Jumat, 04 November 2016

Sejarah Pertumbuhan dan Perkembangan Ulumul Quran

Wikipenidikan - Ulumul Quran merupakan salah satu bidang ilmu yang disusun sebagai alat untuk menggali pesan-pesan dalam ayat-ayat Al-Quran. Dari sisi historis, Ulumul Quran terus mengalami perkembangan dari waktu ke waktu,. Kelahiran Ulumul Quran ini sejak abad pertama hijriyah dan terus berkembang hingga sekarang. Dengan ilmu ini, lahirlah kitab-kitab tafsir dari para ulama dan intelektual islam yang sekaligus menandai pesatnya perkembangan tradisi literasi di kalangan umat islam. Baca juga Sejarah Kodifikasi Al-Quran di Masa Nabi SAW

Pada abad pertama hijriyah, yakni pada masa Nabi Muhammad SAW, saat itu Ulumul Quran belum dibutuhkan karena Para sahabat terdiri dari orang-orang Arab murni yang punya banyak keistimewaan, di antaranya : Mempunyai daya hafalan yang kuat, Mempunyai otak yang cerdas, Mempunyai daya tangkap yang sangat tajam, Mempunyai kemampuan bahasa yang luas terhadap segala macam bentuk ungkapan, baik prosa, puisi maupun sajak, Kebanyakan mereka terdiri dari orang-orang ummi tetapi cerdas, Ketika mereka mengalami kesulitan, langsung bertanya kepada Rasulullah Saw, waktu dulu belum ada alat-alat tulis yang memadai, dan Adanya larangan Rasulullah Saw menulis segala sesuatu selain ayat al-Quran. Di abad pertama hijriyah, tradisi oral masih mendominasi dibandingkan dengan tradisi menulis.

Barulah kemudian pada abad kedua, yakni pada masa Khalifah Usman bin Affan, muncul Ilmu Rasmil Quran. Dianjutkan dengan masa Khalifah Ali bin Abi Tholib, muncul Ilmu I'robil Quran (Abul Aswad Ad-Duali). Simak juga Sejarah Kodifikasi Hadis Pada Masa Khalifah Umar bin Abdul Aziz

Kemudian pada abad ketiga hijriyah, terjadi penulisan kitab-kitab yang memuat cabang-cabang Ulumul Quran seperti:
  • Kitab Asbabun Nuzul ditulis oleh Ali ibn al-Madany
  • Kitab Nasikh wa al-Mansukh dan Qiroat yang ditulis oleh Abu Ubaid al-Qasim ibn Salam
  • Kitab Makky wal Madani ditulis oleh Muhammad ibn Ayyub adh-Dhirris
  • Al-Hawi fi Ulum al-Quran ditulis oleh Muhammad ibn Khalaf ibn al-Marzuban.
Pada abad ketujuh hiriyah, terjadi penulisan Kitab-kitab Ulumul Quran yang sistematis, ilmiah dan lengkap, di antaranya adalah Badruddin az-Zarkasyi yang menulis kitab al-Burhan fi Ulumil Quran.

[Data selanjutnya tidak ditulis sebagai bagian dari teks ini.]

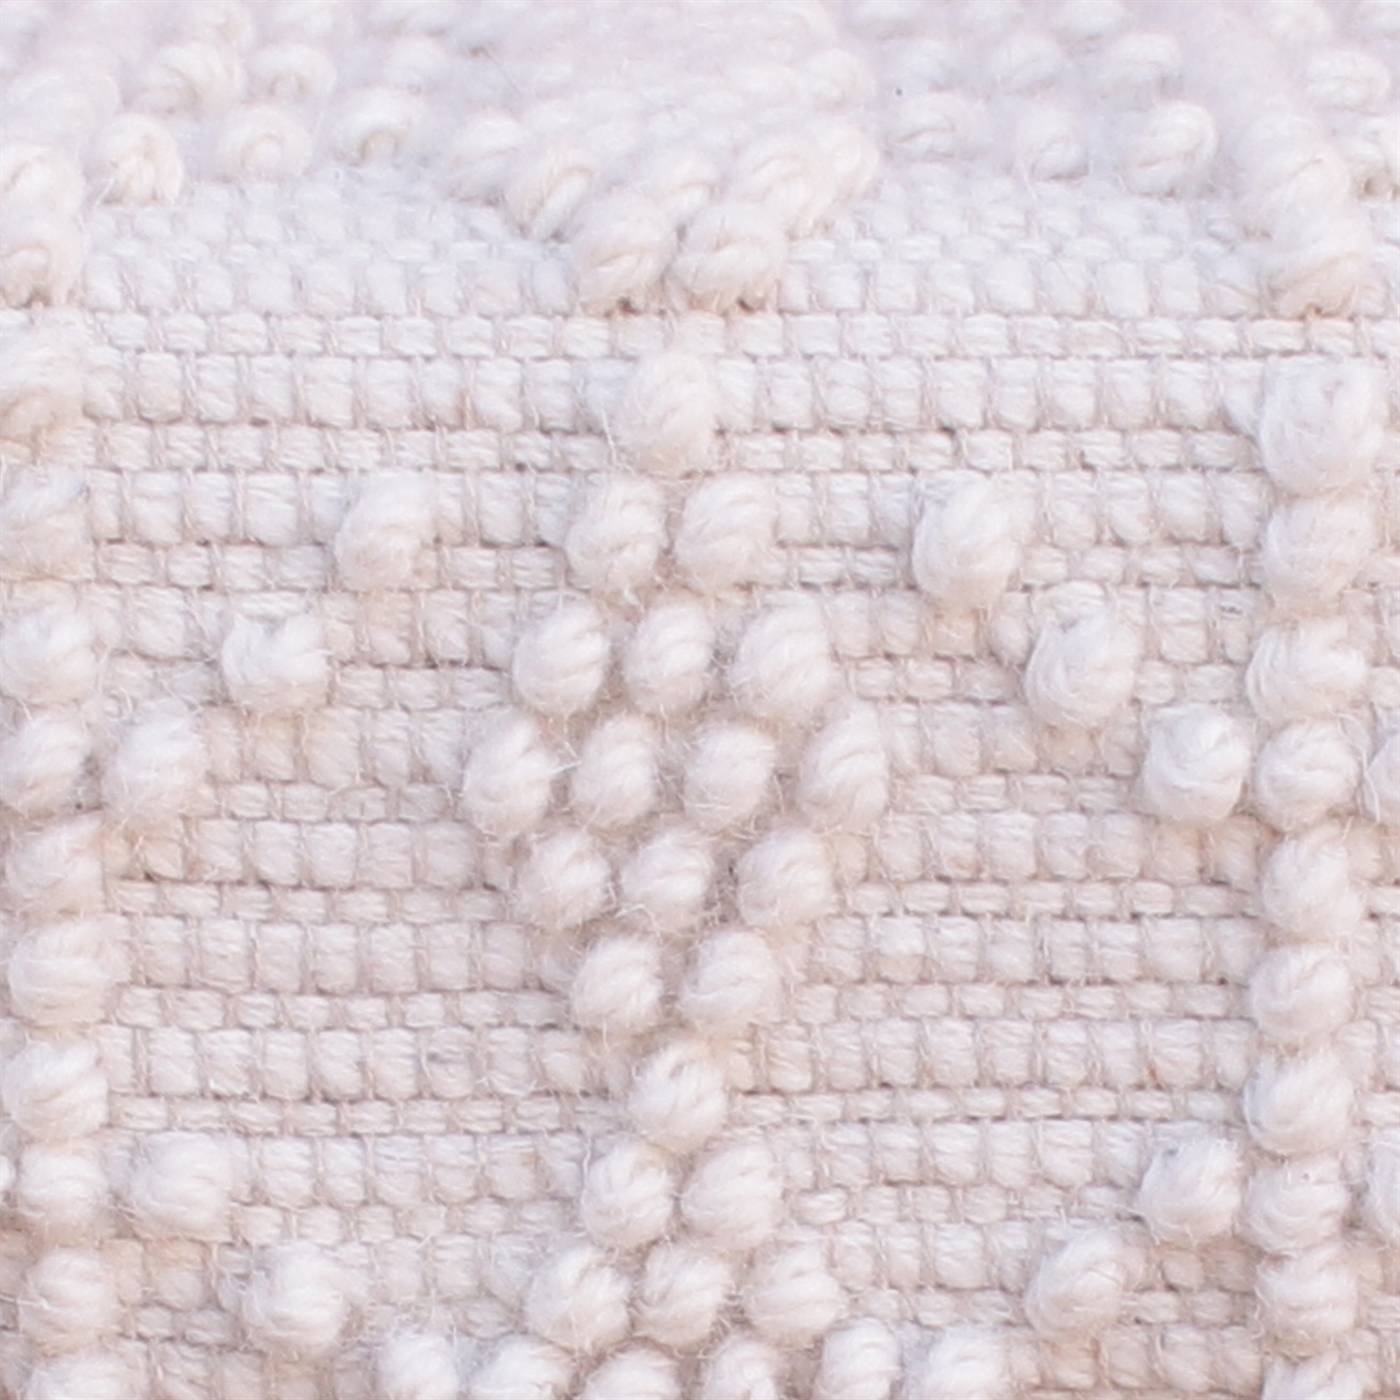 Leeward Bench, 120x40x50 cm, Natural, Natural White, Jute, Wool, Hand Woven, Pitloom, All Loop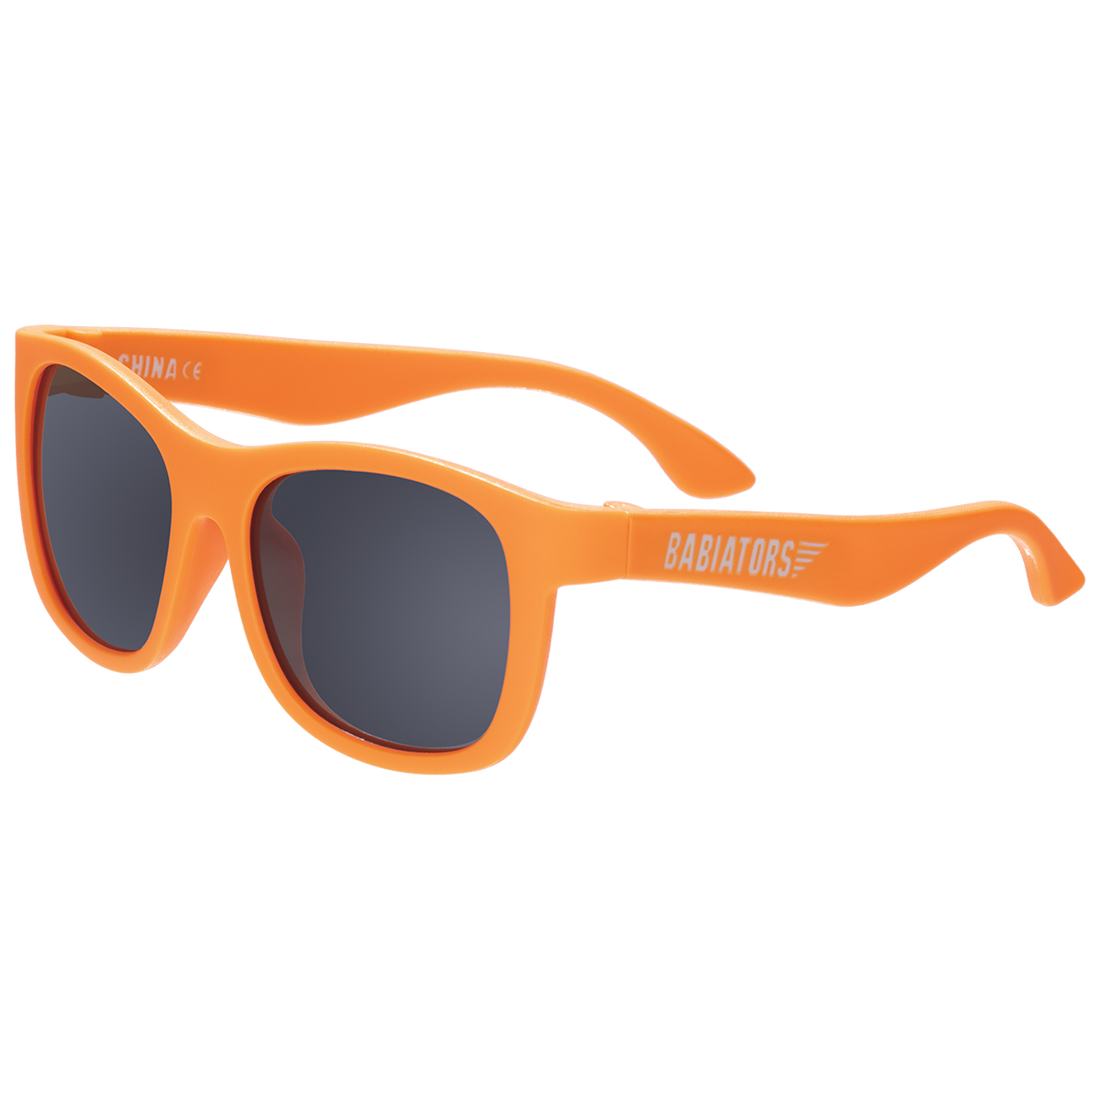 Navigator Kids Sunglasses in Orange Crush

Dilanjutkan pada abad kesepuluh hijriyah, terjadilah penulisan terhenti setelah wafatnya Imam Jalaluddin As Suyuthi Kitab at-Tahbir fi Ulum at-Tafsir dan al-Itqan fi Ulum al-Quran

Bangkitnya kembali penulisan kitab-kitab Ulumul Quran terjadi pada abad ke 14 hijriyah. Di antara kitab yang ditulis pada masa ini adalah:
  • Kitab Manahil al-Irfan fi Ulum al-Quran ditulis oleh Muhammad Abd al-Azhim al-Zarqany
  • Tafsir al-Manar ditulis oleh Rasyid Ridha
  • Tafsir al-Maraghi ditulis oleh Syeikh Muhammad Musthofa al-Maraghy
Itulah periodisasi singkat tentang sejarah pertumbuhan dan perkembangan Ulumul Quran dari abad ke abad. Sayangnya, umat islam sekarang cenderung stagnan dalam pengembangan keilmuannya. Tradisi baca tulis yang diwariskan para intelektual islam terdahulu semakin lama semakin tenggelam dan hilang dari permukaan.

Anggapan bahwa karya-karya para ulama klasik sebagai karya yang sudah final menjadi salah satu faktor stagnasi ini. Yang ada umat islam sekarang hanya taken for granted terhadap karya-karya para ulama terdahulu. Perlu adanya upaya yang serius dan konsisten untuk menghidupkan kembali tradisi keintelektualan para ulama di masa lalu di tengah era yang serba pragmatis dan heonis seperti saat ini.